Traceback (most recent call last):
File "/workspace/SimpleTuner/train.py", line 2776, in
main()
File "/workspace/SimpleTuner/train.py", line 269, in main
args = parse_args()
File "/workspace/SimpleTuner/helpers/arguments.py", line 1835, in parse_args
raise ValueError(

subprocess.CalledProcessError: Command '['/workspace/SimpleTuner/.venv/bin/python', 'train.py', '--model_type=lora', '--pretrained_model_name_or_path=black-forest-labs/FLUX.1-dev', '--gradient_checkpointing', '--set_grads_to_none', '--gradient_accumulation_steps=1', '--resume_from_checkpoint=latest', '--snr_gamma=5', '--data_backend_config=config/multidatabackend.json', '--num_train_epochs=0', '--max_train_steps=30000', '--metadata_update_interval=65', '--use_8bit_adam', '--learning_rate=1e-5', '--lr_scheduler=constant', '--seed', '42', '--lr_warmup_steps=300', '--output_dir=output/models', '--inference_scheduler_timestep_spacing=trailing', '--training_scheduler_timestep_spacing=trailing', '--allow_tf32', '--mixed_precision=bf16', '--base_model_precision=int8-quanto', '--flux', '--train_batch=1', '--max_workers=32', '--read_batch_size=25', '--write_batch_size=64', '--caption_dropout_probability=0.1', '--torch_num_threads=8', '--image_processing_batch_size=32', '--vae_batch_size=4', '--validation_prompt=a handsome young girl leaning at the wall, wearing a red jacket', '--num_validation_images=1', '--validation_num_inference_steps=20', '--validation_seed=42', '--minimum_image_size=1024', '--resolution=1024', '--validation_resolution=1024', '--resolution_type=pixel', '--checkpointing_steps=100', '--checkpoints_total_limit=3', '--validation_steps=50', '--tracker_run_name=flux-winterwonderland', '--tracker_project_name=lora-training', '--validation_guidance=3.5', '--validation_guidance_rescale=0.0', '--validation_negative_prompt=']' returned non-zero exit status 2.

3 replies

bghira Aug 9, 2024
Maintainer

use OPTIMIZER="adamw_bf16" or set --base_model_default_dtype=fp32

steve84wien Aug 9, 2024

Thanks! It works :)

35/30000 [10:13<146:17:52, 17.58s/it, lr=1e-5, step_loss=0.249

I should think about a break since I can't solve simple things anymore by myself but I am so excited to get my first LoRA with SimpleTuner!

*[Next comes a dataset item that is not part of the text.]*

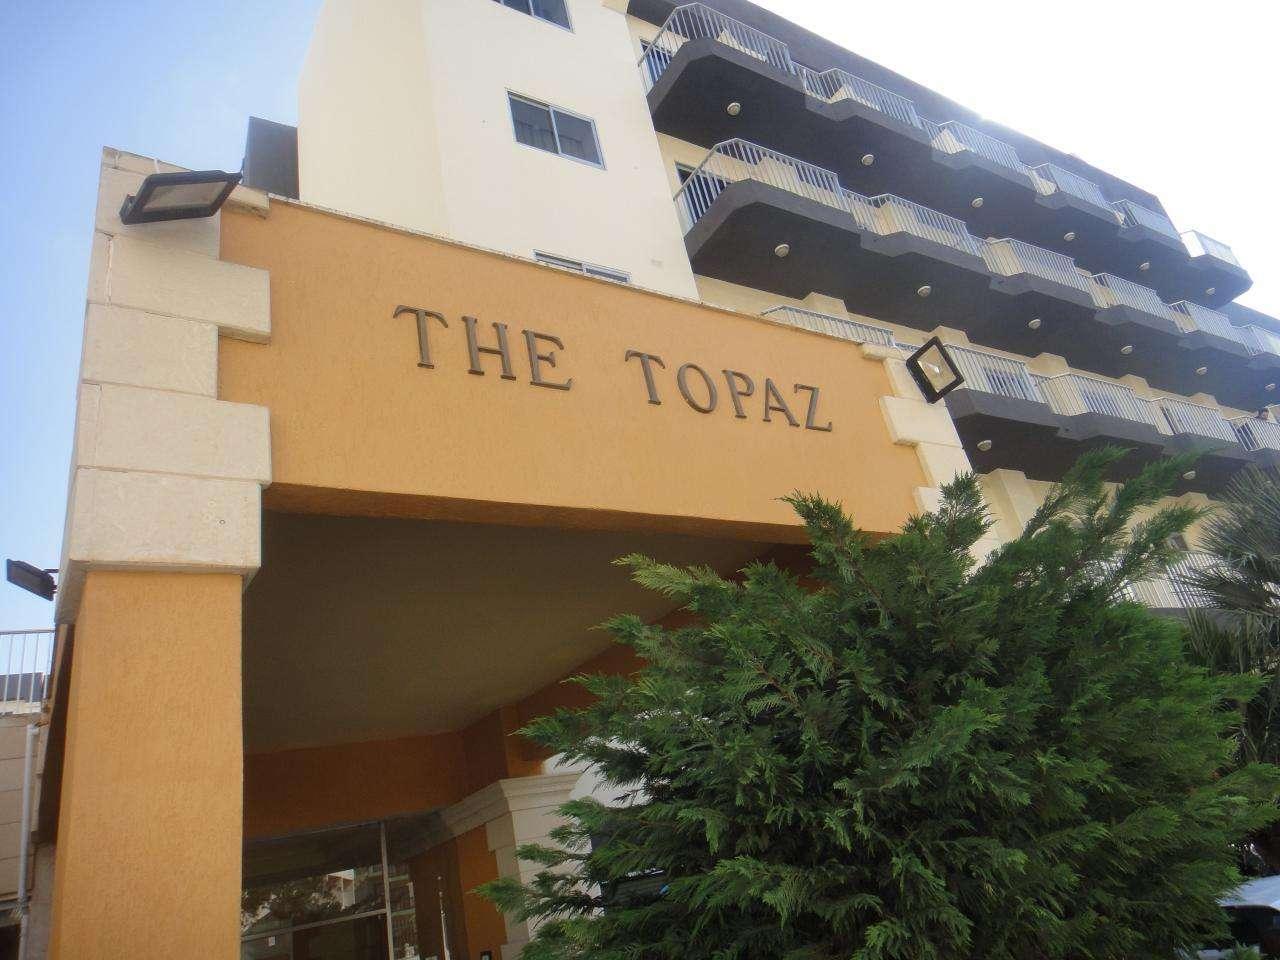 The Topaz

I am on an RTX 6000 Ada and its using just a bit more than half of the VRAM. I think I could even go with a higher BS like 7 or 10.

512 photos, BS 5, LR 1e-05, with "TRAINER_EXTRA_ARGS="--base_model_precision=fp8-quanto", OPTIMIZER="adamw_bf16"
Scheduler is set to "constant" since miraculously I got the best results on SDXL with that. (I train a photography style)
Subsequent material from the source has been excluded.